国民党連戦主席も、立法委員選勝利を花道に引退との観測が広がる。
大きく議席を減らした親民党(宋楚瑜主席)は、国民党の選挙協力を批判し、合併を強く否定した。与党民進党と連携する道を探っている。党内部は、路線をめぐり分裂。

○ 宋楚瑜氏は、相変わらず曲者ですね。世代交代あり、緑陣営(民進党+台連)vs. 青陣営(国民党、親民党、新党)というチームの組み替えあり、一本釣りあり、のなんでもありの激しい動きがありそうですね。

● このほかにも色々ありました。

○ 15日、故蒋経国・台湾総統夫人の蒋方良が死亡。

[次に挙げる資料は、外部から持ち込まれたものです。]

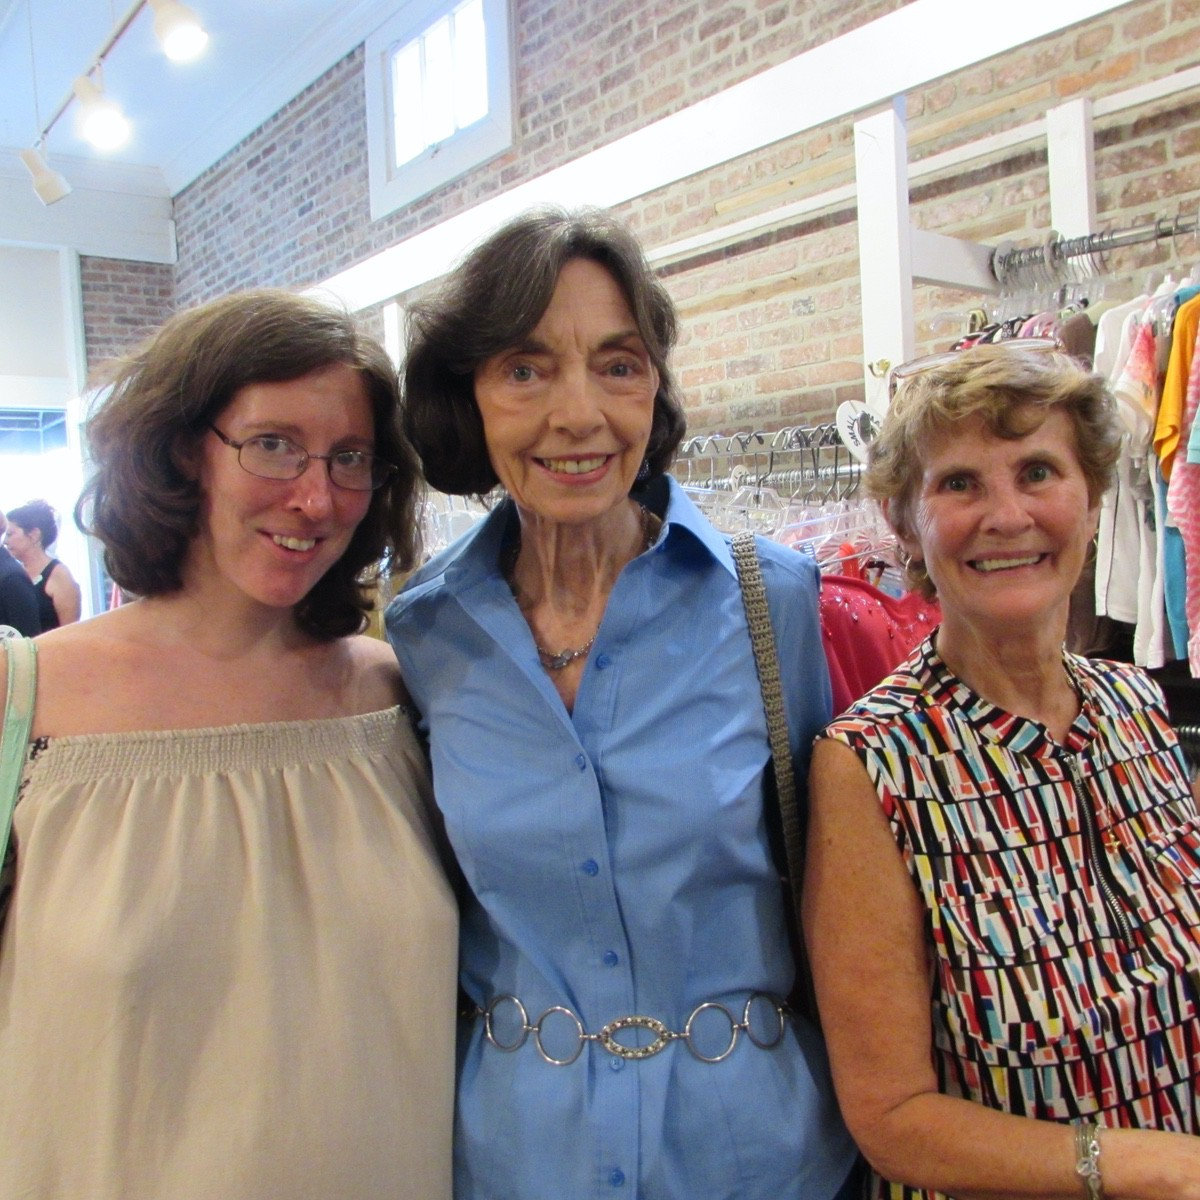 Taylor Bufkin, Jeanie Pickel and Catherine Hutchins
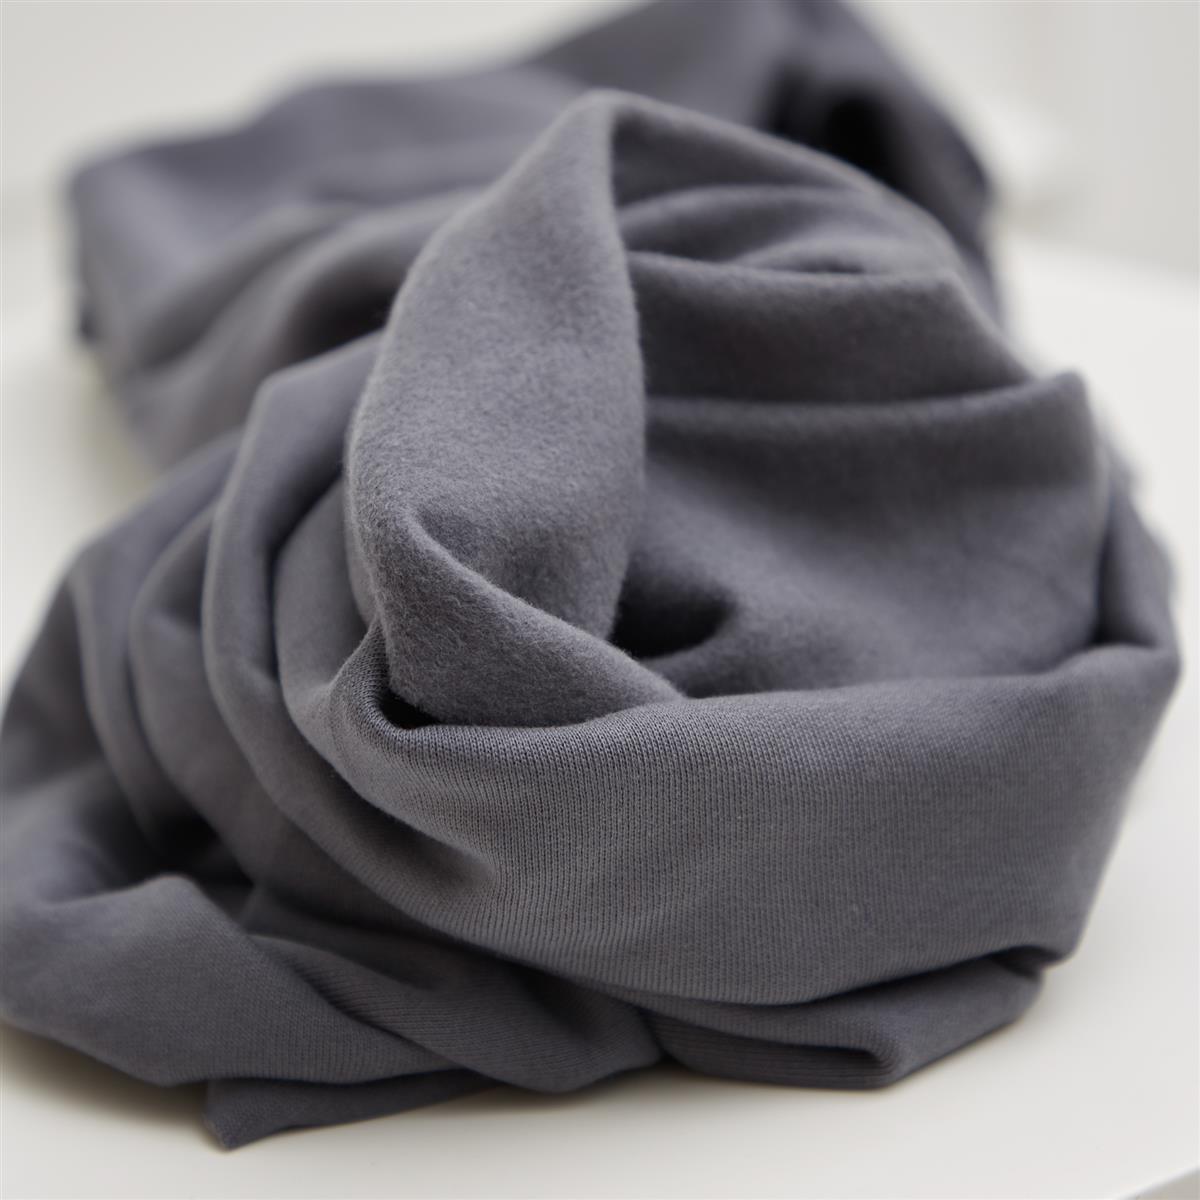 brushed-sweat-calm-grey1

旧ソ連白ロシア共和国(現ベラルーシ)出身。(12月20日アジアウィークリーにしみじみとした好文あり。)

○ 中国では、台湾独立の阻止を狙い、平和統一を基本としつつも、武力行使のガイドラインを明示する「反国家分裂法」の法案が早ければ二十九日に可決される模様。(18日頃の報道。)

○ 21日、日本政府は、台湾の李登輝前総統(81歳)に観光目的の短期査証(ビザ)を発給した。李氏は、27日から、京都や金沢などを一週間旅行する予定。これに中国は強く抗議。

● 台湾駐在の日本メディアの人は、さぞ大変でしょう。選挙前は、日本から来た本社の人の世話に飛び回り、選挙が済むと与党勝利の予定稿がみんな没になり、応援が帰った後に続発した事件を忙しく追い、今度は、寒い能登半島に李前総統について行っていたりしたら、こりゃ大変ですね。お体ご自愛ください。


12月23日
台湾のクリスマス
○ 他のあらゆることと同じように、台湾のクリスマスは、大体普通だけれど、やはりどこかが少しだけ違います。12月になると、ツリーができてそれらしい飾りが増えます。ケーキ屋さんやスターバックの人が赤い帽子をかぶります。ここまでは普通。

○ ところが、クリスマスが近づくと、だれでもかれでもあの赤い帽子をかぶりだします。スーパーの店員。これくらい許せる。中華料理屋さん。サンタ帽で、麻婆豆腐を持ってこないで。ししゃもを運ぶ日本式居酒屋のおばさん。なんで?

○ アパートの管理人のおじさん。赤いサンタ帽をかぶって、退屈そうにタバコを吸いながらテレビを見ています。西蔵(チベット)天珠屋さん。四千年前のチベットからお守りとして伝わる神秘的な石を売っているところです。骨董屋さんのように渋い雰囲気の中で、何十万円もする石が厳かにショーケースにはいっています。その店員が、スーパーで買ったフェルトのサンタ帽をかぶるのは、ぶちこわしです。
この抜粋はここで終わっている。